In college a friend of mine said something about my passion for basketball that has stuck for all of these years. I was rooting for the Knicks one night or maybe it was the Clippers, who cares, that’s the point — it’s not important, and he thought it was a demerit that I was rooting for a team that wasn’t the team I was a “fan of.” Aka the Lakers.
It’s true my first basketball memories were from my grandparent’s carpet, watching Magic Johnson dazzle through the playoffs. But when my friend said that I thought it was weird, even then. Perhaps because he was a Knicks fan, I gave him the benefit of the doubt.
To root for one team has always sounded ridiculous. Yet the message I was getting as a Lakers fan during the Finals was that I shouldn’t even be watching the games because the Celtics were in them. Why?
I’m not gonna lie. There’s a certain nostalgia to rooting for a single team. It’s like a bygone thing of rotary phones and Arcade games at the Beverly Center. But the truth is rooting for one team feels sort of antiquated to me, like arcade games. The NBA is just too juicy and good for one single team to have my attention.
You might love Anthony Edwards one night, and then Wembanyama the next. Lonzo Ball, and then Lebron.
Am I supposed to not root for the Spurs because they’re not my home team, even when they have one of the most exciting young players alive? That’s like only listening to one style of music. And yet entire podcast episodes have been dedicated to skipping the finals just because the Celtics are in them — I didn’t get it then and I don’t get it now.
You hear this word rivalry thrown around from time to time in the NBA like it’s a badge of honor. The Celtics apparently have a “rivalry” with the Lakers, one that I personally have never felt or understood outside of being told it exists. They tell me it’s based on championships won, that the two teams with the most championship banners are naturally going to be rivals who hate each other.
How immature and absurd.
Again, in close to four decades of rooting for the Lakers I have never felt any animosity to the Celtics or someone who liked them. Boston is a fine city with many charms. Ben Affleck, accents, fish. Sure I want the Lakers to beat the Celtics, but I also want the Celtics to beat the Warriors. I despise the Warriors because I hate San Francisco but love Steph Curry and root for him relentlessly.
Sports can feel so stuck in the mud sometimes, and this idea of rivalries is one of the ways.
Whether you’re someone who likes rivalries or not, it’s inconsequential. The NBA’s entire business model is based around superstars. It’s why trade season is such a hot topic. No one outside of Boston even cares anymore that the Celtics won, social media and the NBA content machine have moved on to Alex Caruso being traded for Josh Giddey. We can debate whether or not this is good, but the reality is that we fans of the NBA abandoned the rivalry thing for trade season and NBA memes a long time ago.
The reasons are varied: Teams are owned by super billionaires who might not have a connection to the city their team is in.
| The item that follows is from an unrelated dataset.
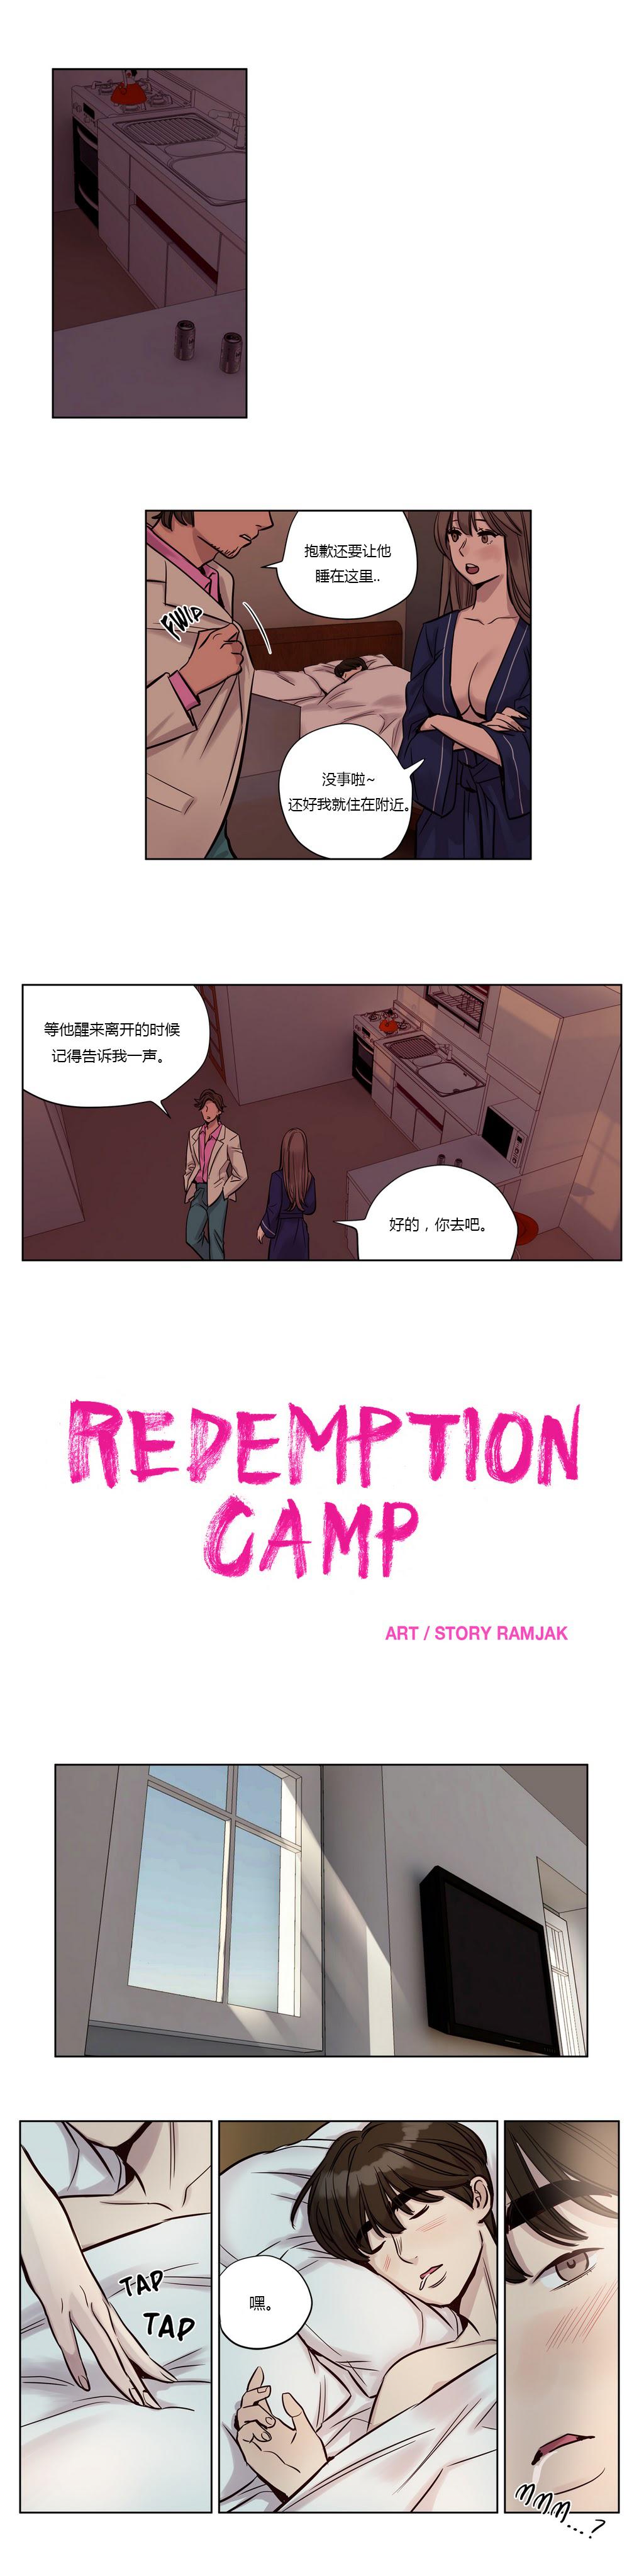 Atonement Camp Ch.21-23 7

The player empowerment thing gave star players the power to break contracts and change teams at will, and teams themselves have become vanilla — multi-layered corporate structures that run like Fortune 500 companies too full of press releases to actually lean into conflict.
Pretty soon we’ll be rooting for player rivalries, maybe even owner rivalries, but team rivalries seem more and more like a thing of the past.
I’m not saying that localized fandom is a bad thing. Children are always going to love their hometown teams. But to manufacture rivalries out of thin air, or lean into rivalries from the 1900s, that’s as dead as the tape deck. And maybe it’a a good thing. After all, who among us has ever benefited from holding on to a grudge?